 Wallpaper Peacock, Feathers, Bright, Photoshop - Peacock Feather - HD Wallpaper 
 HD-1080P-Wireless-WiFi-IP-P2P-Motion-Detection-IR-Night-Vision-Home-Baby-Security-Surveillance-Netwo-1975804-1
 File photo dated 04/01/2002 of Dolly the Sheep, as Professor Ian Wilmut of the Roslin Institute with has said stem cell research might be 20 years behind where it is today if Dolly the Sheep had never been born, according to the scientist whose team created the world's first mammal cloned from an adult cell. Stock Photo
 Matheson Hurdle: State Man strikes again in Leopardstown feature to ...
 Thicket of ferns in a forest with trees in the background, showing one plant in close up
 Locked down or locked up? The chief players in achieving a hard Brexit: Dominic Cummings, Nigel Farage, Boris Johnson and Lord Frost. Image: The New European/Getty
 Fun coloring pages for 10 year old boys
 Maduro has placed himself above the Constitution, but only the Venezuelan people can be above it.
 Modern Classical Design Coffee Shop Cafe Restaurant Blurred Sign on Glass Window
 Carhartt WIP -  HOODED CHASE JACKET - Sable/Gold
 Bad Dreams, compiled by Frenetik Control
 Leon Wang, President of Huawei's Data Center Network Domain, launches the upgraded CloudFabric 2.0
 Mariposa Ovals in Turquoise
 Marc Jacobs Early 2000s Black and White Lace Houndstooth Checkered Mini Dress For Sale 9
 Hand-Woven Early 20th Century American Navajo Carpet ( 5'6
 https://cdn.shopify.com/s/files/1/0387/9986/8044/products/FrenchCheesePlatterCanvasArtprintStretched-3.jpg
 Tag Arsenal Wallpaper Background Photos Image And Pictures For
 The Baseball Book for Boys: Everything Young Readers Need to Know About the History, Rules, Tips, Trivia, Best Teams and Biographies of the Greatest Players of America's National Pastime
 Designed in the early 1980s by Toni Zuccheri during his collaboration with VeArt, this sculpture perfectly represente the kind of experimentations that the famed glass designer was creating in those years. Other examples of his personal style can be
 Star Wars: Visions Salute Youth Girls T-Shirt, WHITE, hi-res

• **ACTION ITEM**:
Set down the listing above exactly, line for line.

• **OUTPUT OF THE EXERCISE**:
 Wallpaper Peacock, Feathers, Bright, Photoshop - Peacock Feather - HD Wallpaper 
 HD-1080P-Wireless-WiFi-IP-P2P-Motion-Detection-IR-Night-Vision-Home-Baby-Security-Surveillance-Netwo-1975804-1
 File photo dated 04/01/2002 of Dolly the Sheep, as Professor Ian Wilmut of the Roslin Institute with has said stem cell research might be 20 years behind where it is today if Dolly the Sheep had never been born, according to the scientist whose team created the world's first mammal cloned from an adult cell. Stock Photo
 Matheson Hurdle: State Man strikes again in Leopardstown feature to ...
 Thicket of ferns in a forest with trees in the background, showing one plant in close up
 Locked down or locked up? The chief players in achieving a hard Brexit: Dominic Cummings, Nigel Farage, Boris Johnson and Lord Frost. Image: The New European/Getty
 Fun coloring pages for 10 year old boys
 Maduro has placed himself above the Constitution, but only the Venezuelan people can be above it.
 Modern Classical Design Coffee Shop Cafe Restaurant Blurred Sign on Glass Window
 Carhartt WIP -  HOODED CHASE JACKET - Sable/Gold
 Bad Dreams, compiled by Frenetik Control
 Leon Wang, President of Huawei's Data Center Network Domain, launches the upgraded CloudFabric 2.0
 Mariposa Ovals in Turquoise
 Marc Jacobs Early 2000s Black and White Lace Houndstooth Checkered Mini Dress For Sale 9
 Hand-Woven Early 20th Century American Navajo Carpet ( 5'6
 https://cdn.shopify.com/s/files/1/0387/9986/8044/products/FrenchCheesePlatterCanvasArtprintStretched-3.jpg
 Tag Arsenal Wallpaper Background Photos Image And Pictures For
 The Baseball Book for Boys: Everything Young Readers Need to Know About the History, Rules, Tips, Trivia, Best Teams and Biographies of the Greatest Players of America's National Pastime
 Designed in the early 1980s by Toni Zuccheri during his collaboration with VeArt, this sculpture perfectly represente the kind of experimentations that the famed glass designer was creating in those years. Other examples of his personal style can be
 Star Wars: Visions Salute Youth Girls T-Shirt, WHITE, hi-res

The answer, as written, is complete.